- **What to produce**: Exact wording is required: give all the records again, minus the pictures.

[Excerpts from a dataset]
[Start of Attachment]

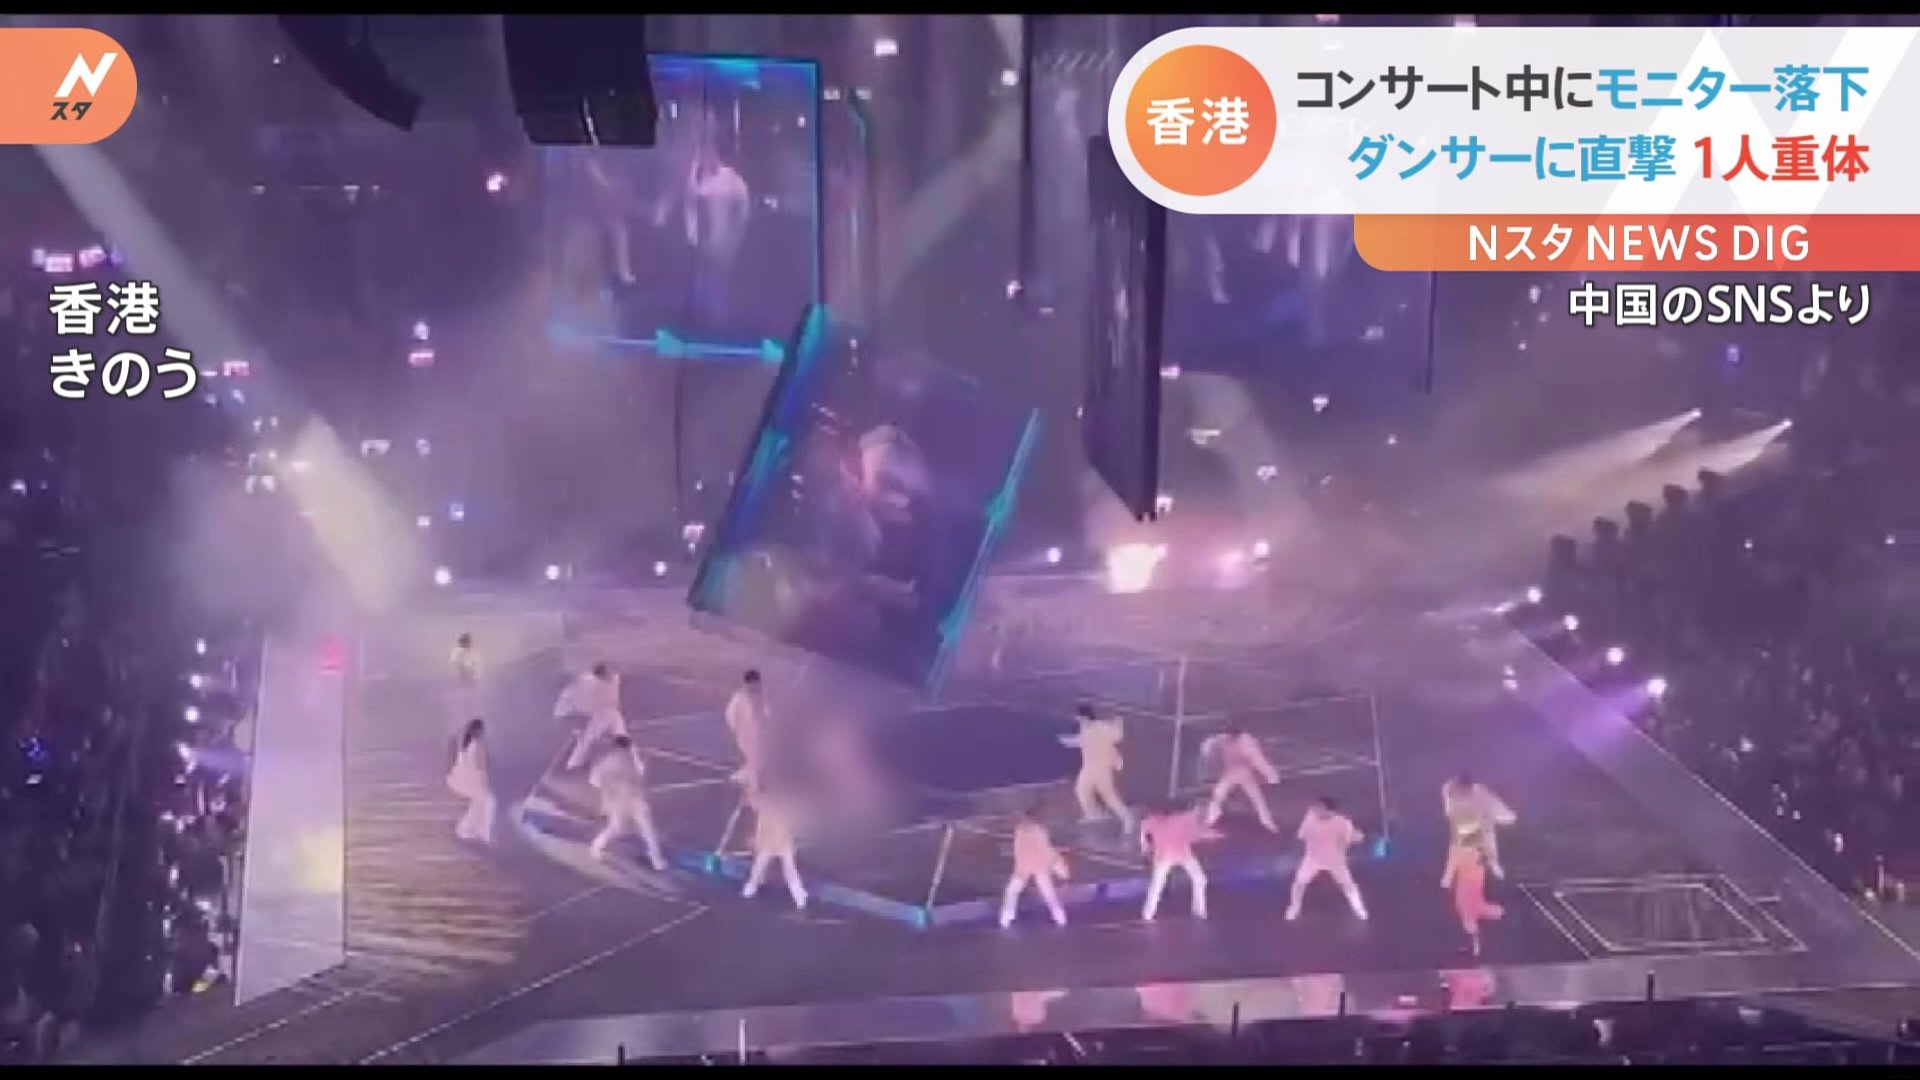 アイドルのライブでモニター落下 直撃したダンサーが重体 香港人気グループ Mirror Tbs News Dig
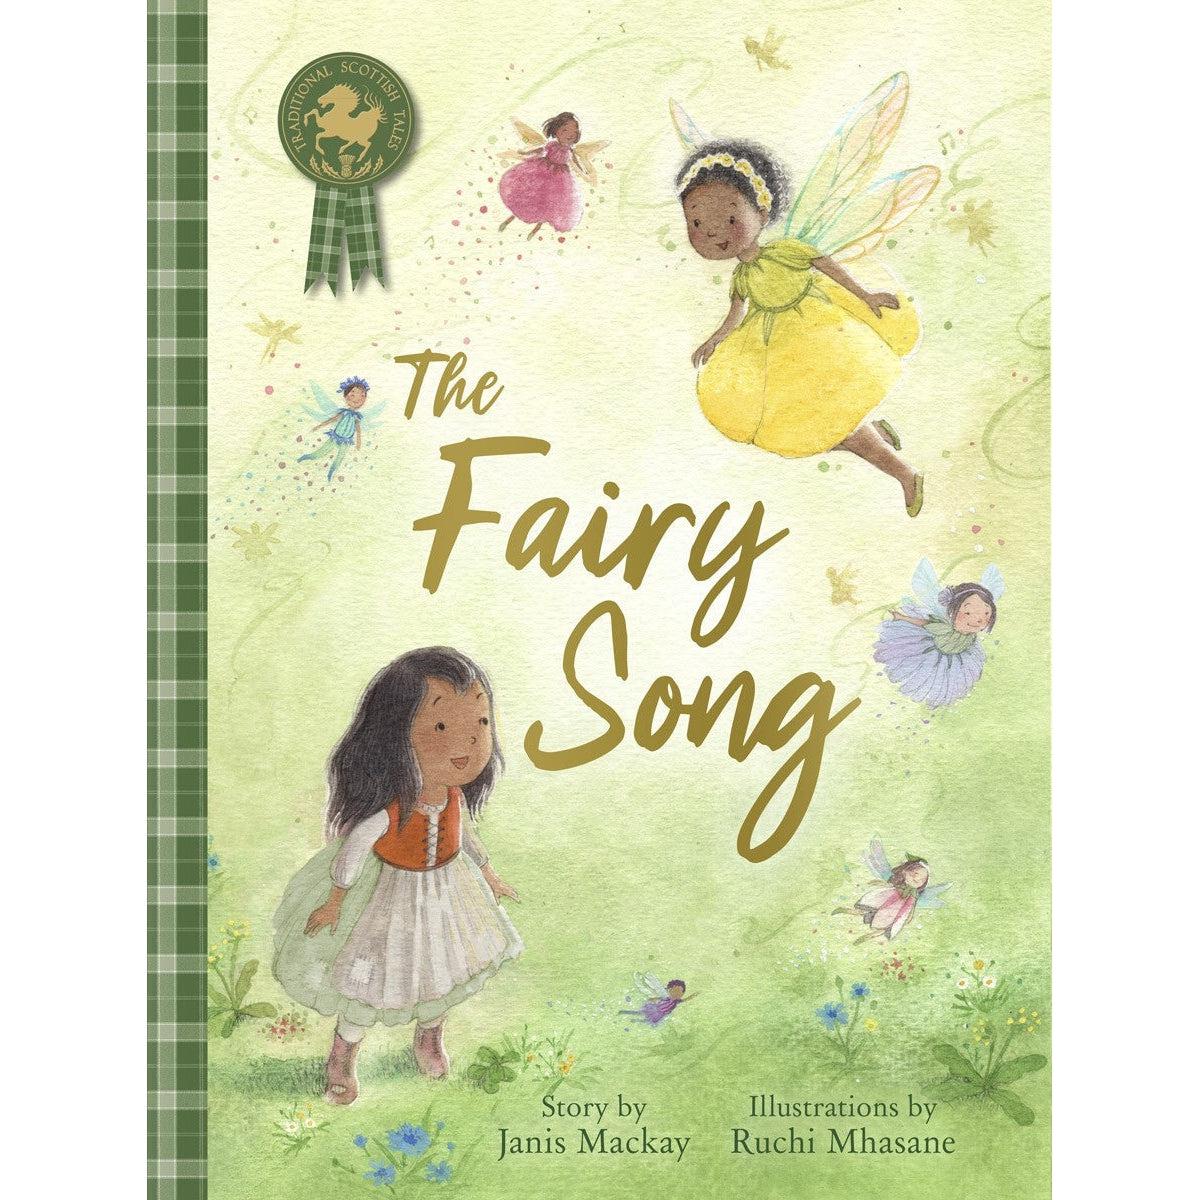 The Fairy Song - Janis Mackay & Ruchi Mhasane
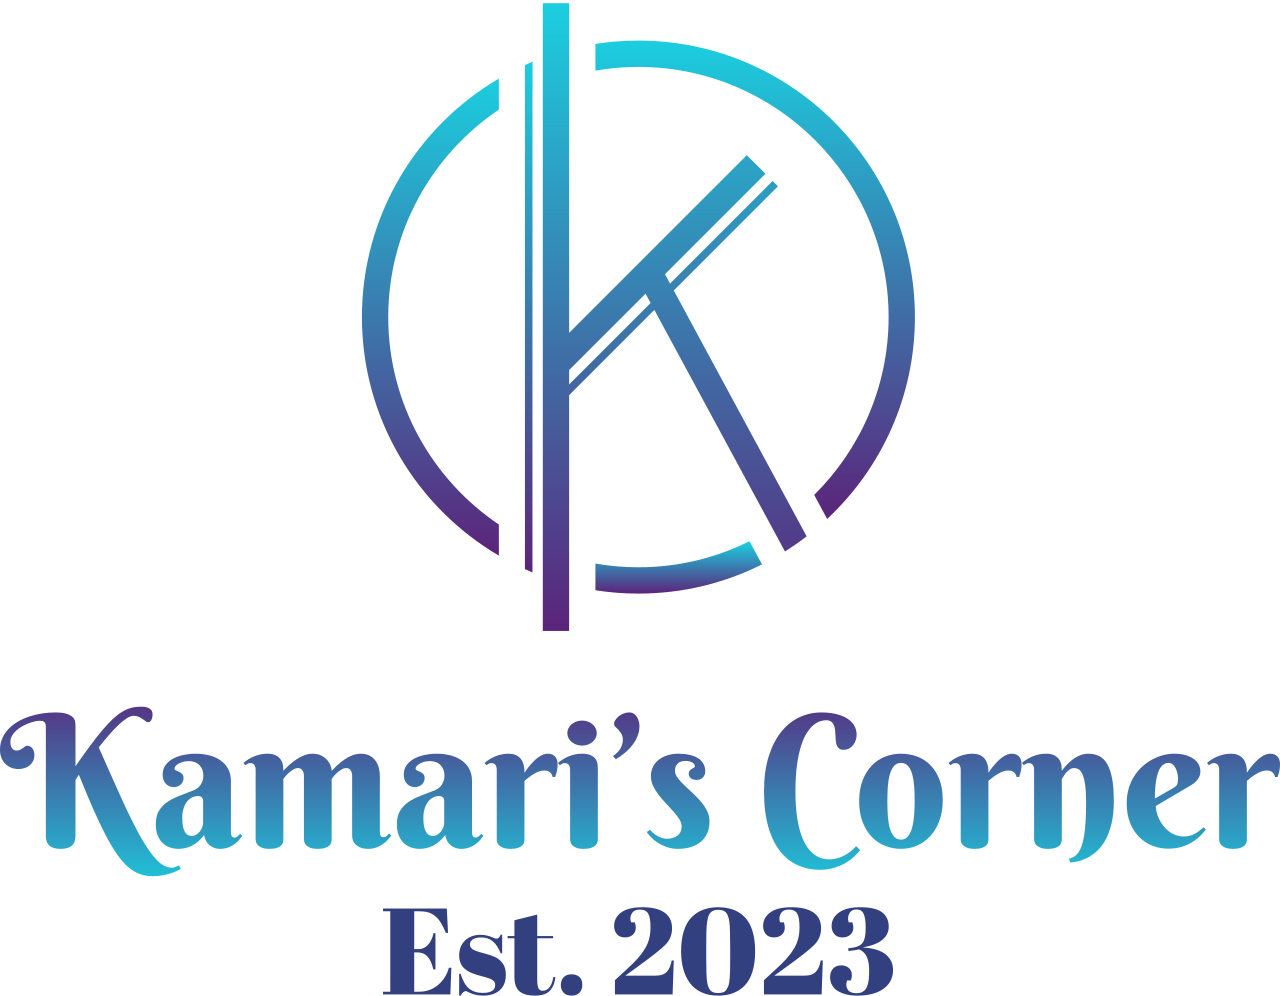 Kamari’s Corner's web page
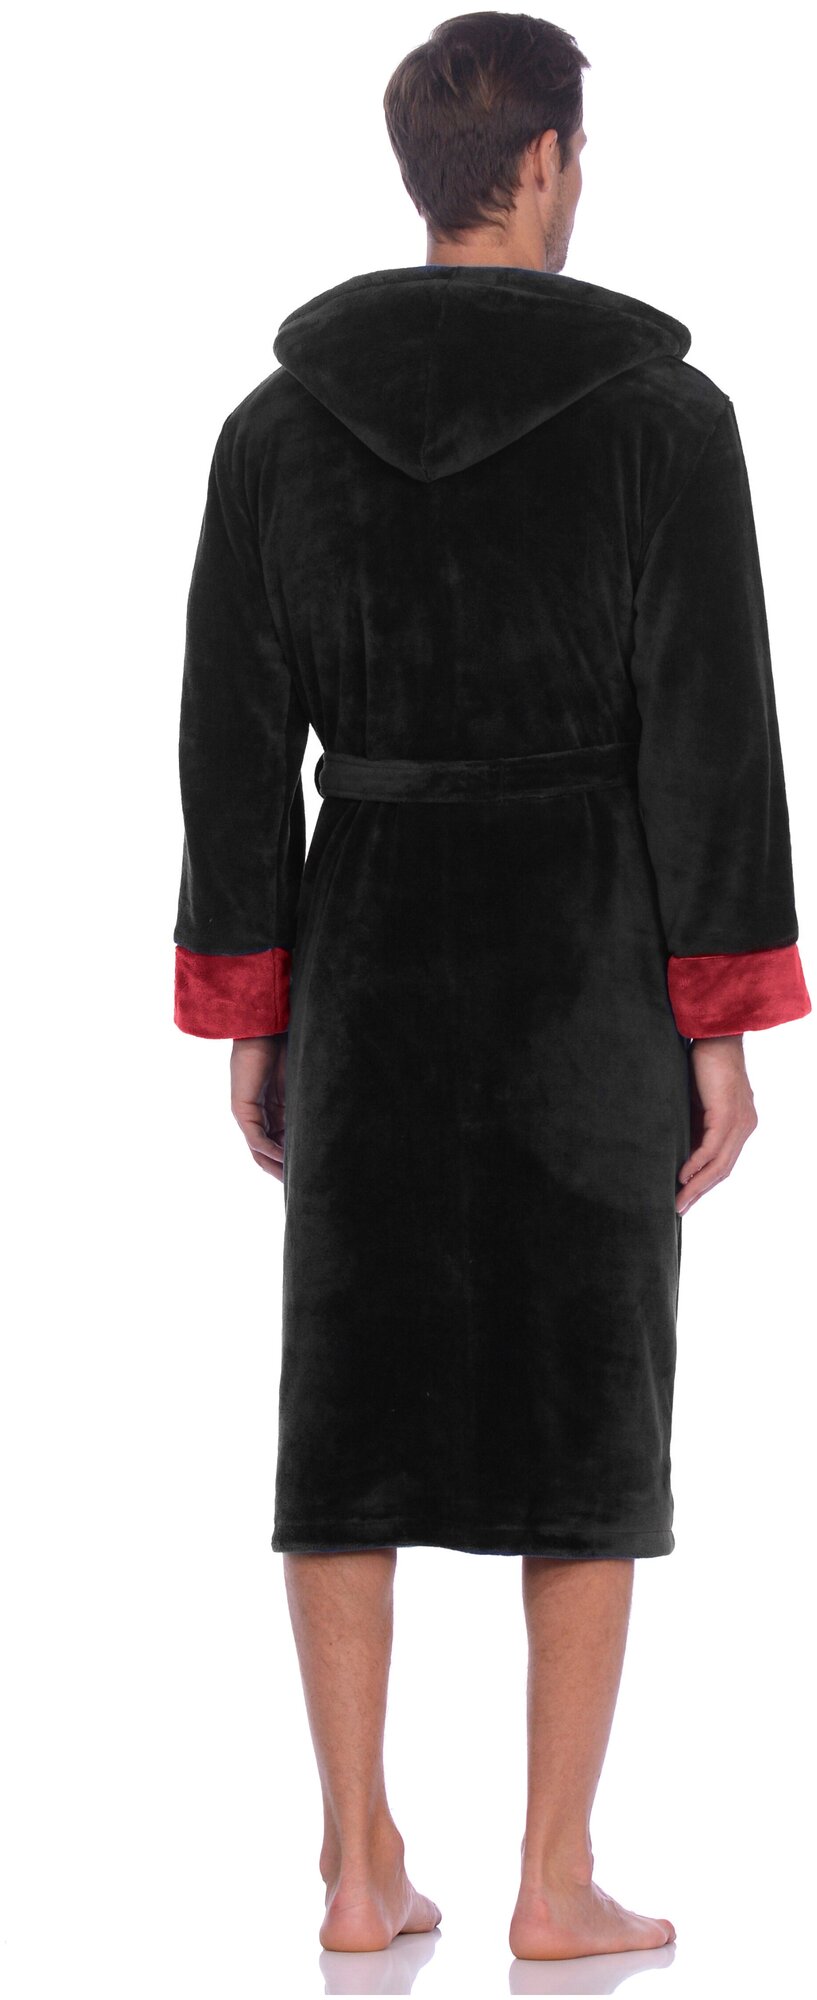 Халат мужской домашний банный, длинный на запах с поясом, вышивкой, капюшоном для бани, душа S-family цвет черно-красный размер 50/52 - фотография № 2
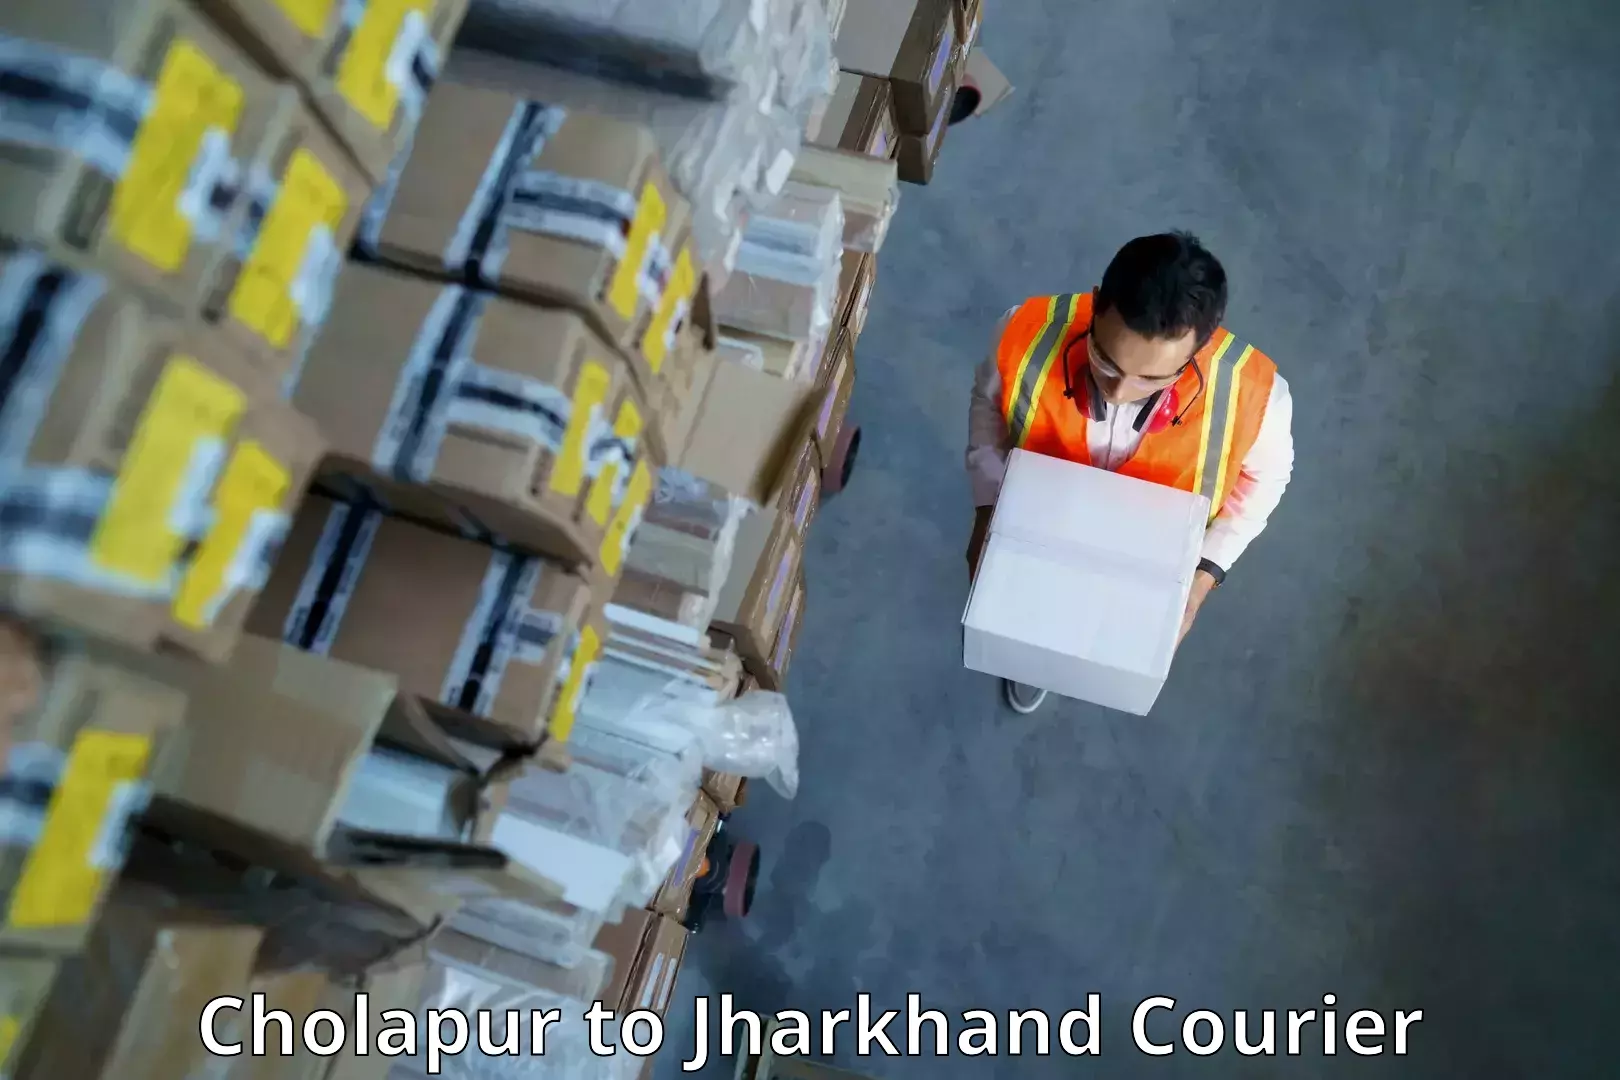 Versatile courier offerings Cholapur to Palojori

[End of Attachment]

- **Solution**:
 アイドルのライブでモニター落下 直撃したダンサーが重体 香港人気グループ Mirror Tbs News Dig
 The Fairy Song - Janis Mackay & Ruchi Mhasane
 Kamari’s Corner's web page
 Халат мужской домашний банный, длинный на запах с поясом, вышивкой, капюшоном для бани, душа S-family цвет черно-красный размер 50/52 - фотография № 2
 Versatile courier offerings Cholapur to Palojori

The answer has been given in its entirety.